In business, high-flying, highly paid executives presided over a corporate culture that some critics likened to the Gilded Age of the late 1800s.
"The CEO became a cult hero," said Todd Gitlin, a sociologist at Columbia University. "The CEO class came to believe what the cover stories said about them, that they were sublime geniuses who made vast amounts of difference in the success of their companies."
When Worldcom's Ebbers claimed he wasn't responsible for financial crimes committed at his company - a defense other indicted executives planned to use - it signaled what Gitlin called a moral collapse.
"If you think that being the CEO and being rewarded gets you off a hook rather than on it, then your moral principle is that ignorance is bliss," Gitlin said.
One thing that's allowed the powerful to abandon responsibility is lack of societal pressure. In 1996, Republican presidential candidate Bob Dole discovered that voters were uninterested in fund-raising abuses at the Clinton White House. "Where's the outrage?" Dole repeatedly complained.
Gitlin attributes it to the cult of personality. "There's been a metastasis of celebrity," he said. "Celebrity is taken to be a moral position. To be a celebrity is to transcend mere categories of good and evil."
Staudenmaier, the historian, said people are distracted.
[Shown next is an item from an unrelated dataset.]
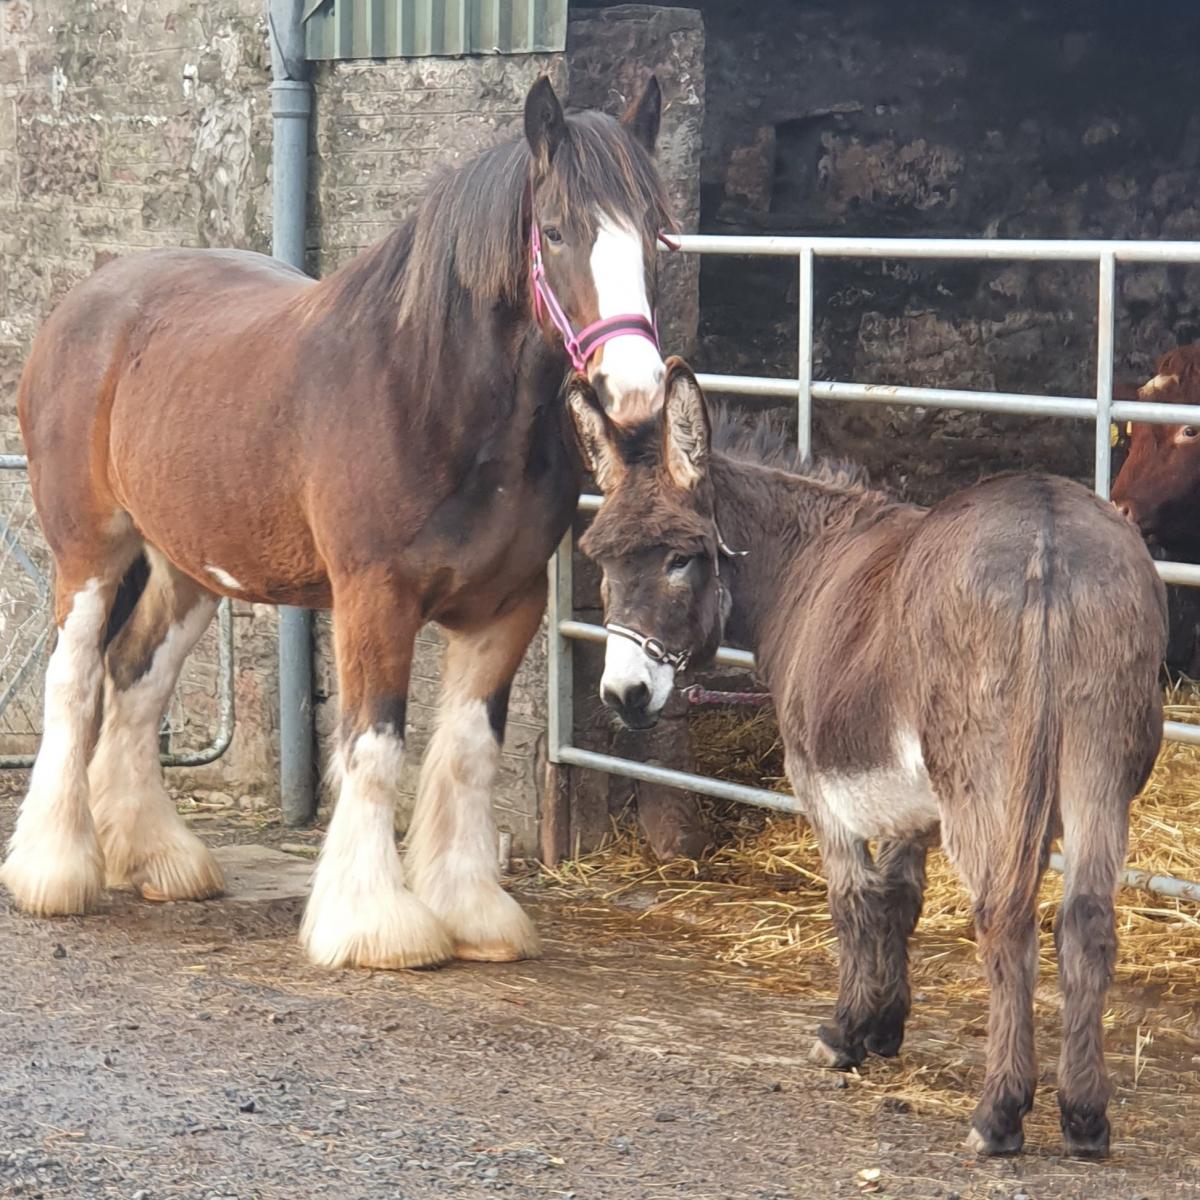 Louise Urquhart - Little donkey Billy who is 22 years old with his best pal Broom Jorgie she is a 6 year old Clydesdale, with some cows in the back ground

He suggested that's what happened in the Roman Catholic Church.
"When you're paying more attention to the definition of doctrinal correctness, which has been the case for 20 years, you find people looking past the question of whether people are doing a good job with the power," he said.
At the same time, he said, Americans became more exclusively focused on profits in business and on the war on terror in government.
Said Staudenmaier: "You take your eye off the ball and you get bad behavior."